0.007062801218218886


In [10]:
# calculate MSE on testing set
test_mse = mean_squared_error(y_test, preds_test)
print(test_mse)

0.006571073840504757


We also have a low MSE score on the testing set that is very similar to the training one. So, our model is not overfitting.

In [11]:
# print coefficients of linear regression model
lr_model.coef_

array([-4.94784409e-04, -9.33729668e-04, -2.81877324e-03, -3.29306515e-03,
        5.93297658e-05,  4.02235021e-02,  1.98044098e-03, -3.39452179e-04,
       -5.44949336e-03, -4.82500415e-03,  8.22897305e-05,  6.24226133e-02,
       -2.66390121e-04,  5.69511279e-04, -2.30657474e-03, -2.51428876e-03,
       -1.31637908e-03,  3.96978126e-02, -1.05127088e-02,  3.02116023e-04,
       -3.89728413e-04,  3.57359816e-03, -1.43282556e-02, -1.13460794e-03,
       -1.02515456e-03,  5.50201521e-03, -4.02044201e-03, -1.15164578e-03,
        2.15908520e-04,  5.59779791e-03, -2.42464365e-03, -1.75240320e-02])

In [12]:
coef_df = pd.DataFrame()

In [13]:
coef_df['feature'] = df.columns
coef_df.head()

Unnamed: 0,feature
0,a1cx
1,a1cy
2,a1sx
3,a1sy
4,a1rho


In [14]:
coef_df['coefficient'] = lr_model.coef_
coef_df.head()

Unnamed: 0,feature,coefficient
0,a1cx,-0.000495
1,a1cy,-0.000934
2,a1sx,-0.002819
3,a1sy,-0.003293
4,a1rho,5.9e-05


From this output, we can see the variables a1sx and a1sy have the lowest value (the biggest negative value) so they are contributing more to the prediction than the three other variables shown here.

In [15]:
alt.Chart(coef_df).mark_bar().encode(x='coefficient', y='feature')

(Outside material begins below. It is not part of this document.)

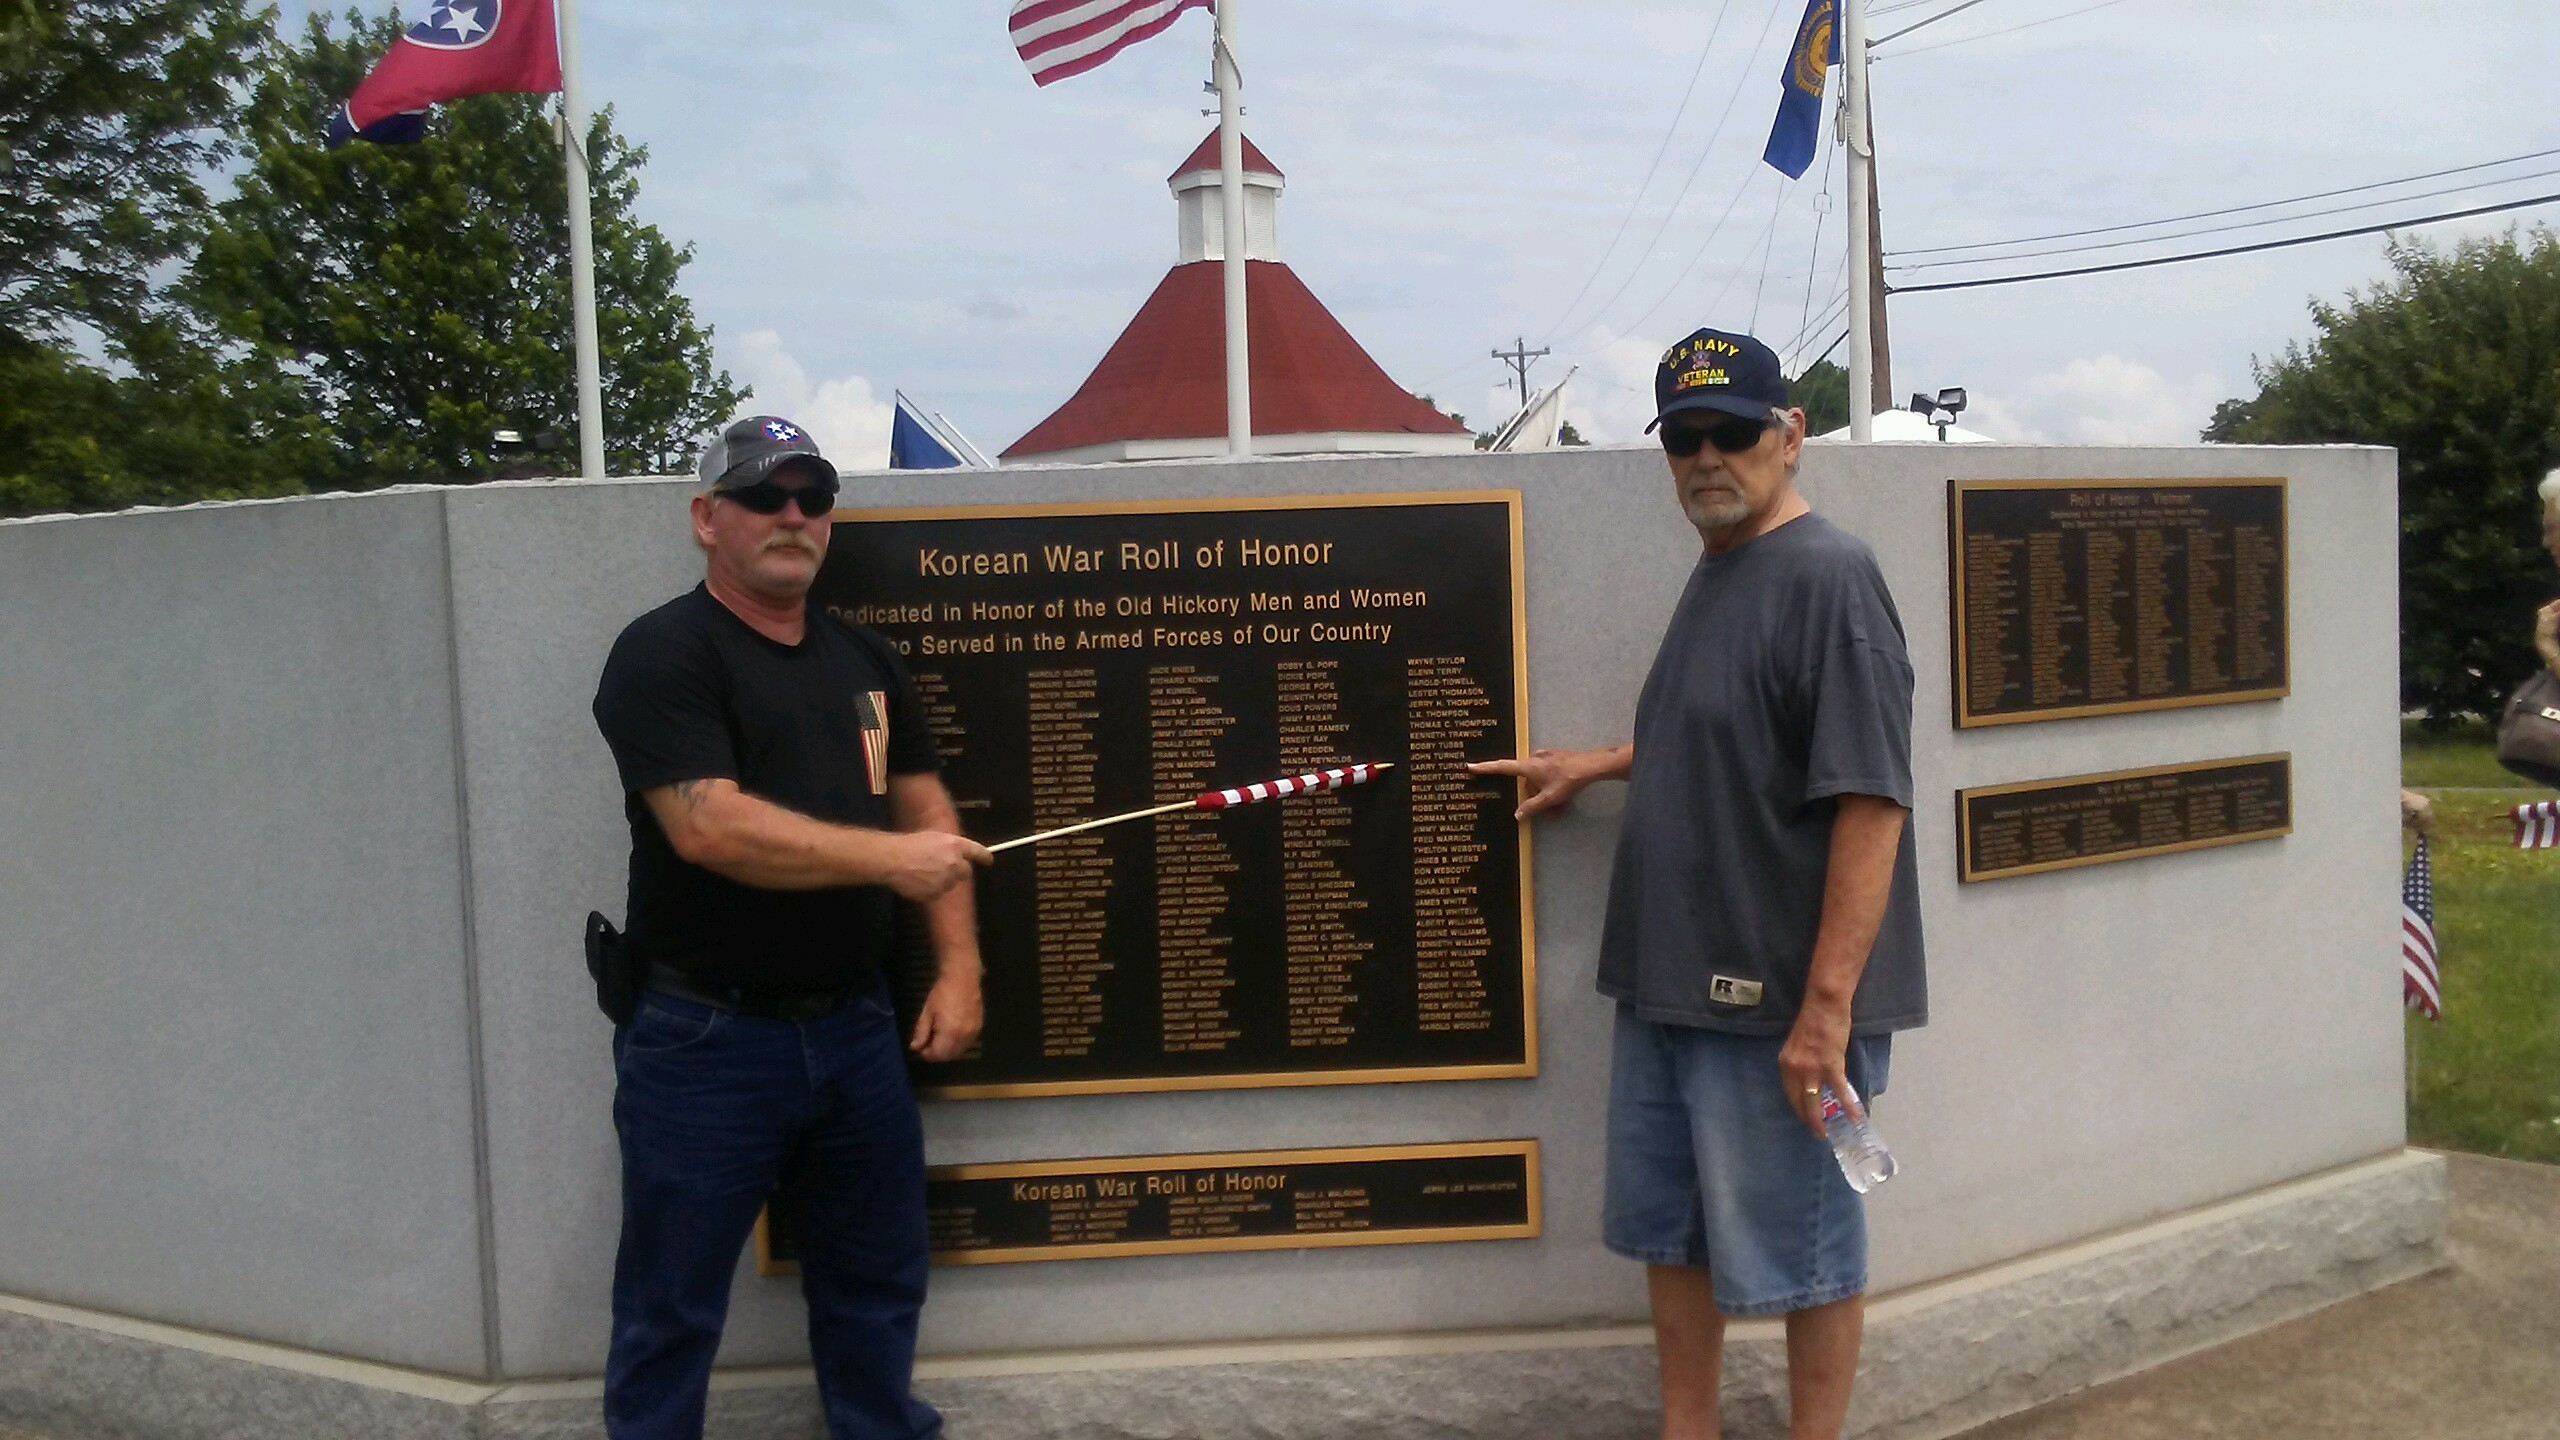 Claude Turner w/ cousin Larry Dickens. Pointing to his daddy's name on the veterans wall in the Village in Old Hickory,TN

The first three variables impacted the outcome positively (increasing the target variable value). This means as the population grows in any of the three areas, the chance of customer churn increases. On the other hand, the last three features negatively impacted the target variable (decreasing the target variable value): if the maximum length, bank-1 efficiency level, or temperature increases, the risk of customers leaving decreases.

In this exercise, you learned how to extract the coefficients learned by a linear regression model and identified which variables make the biggest contribution to the prediction.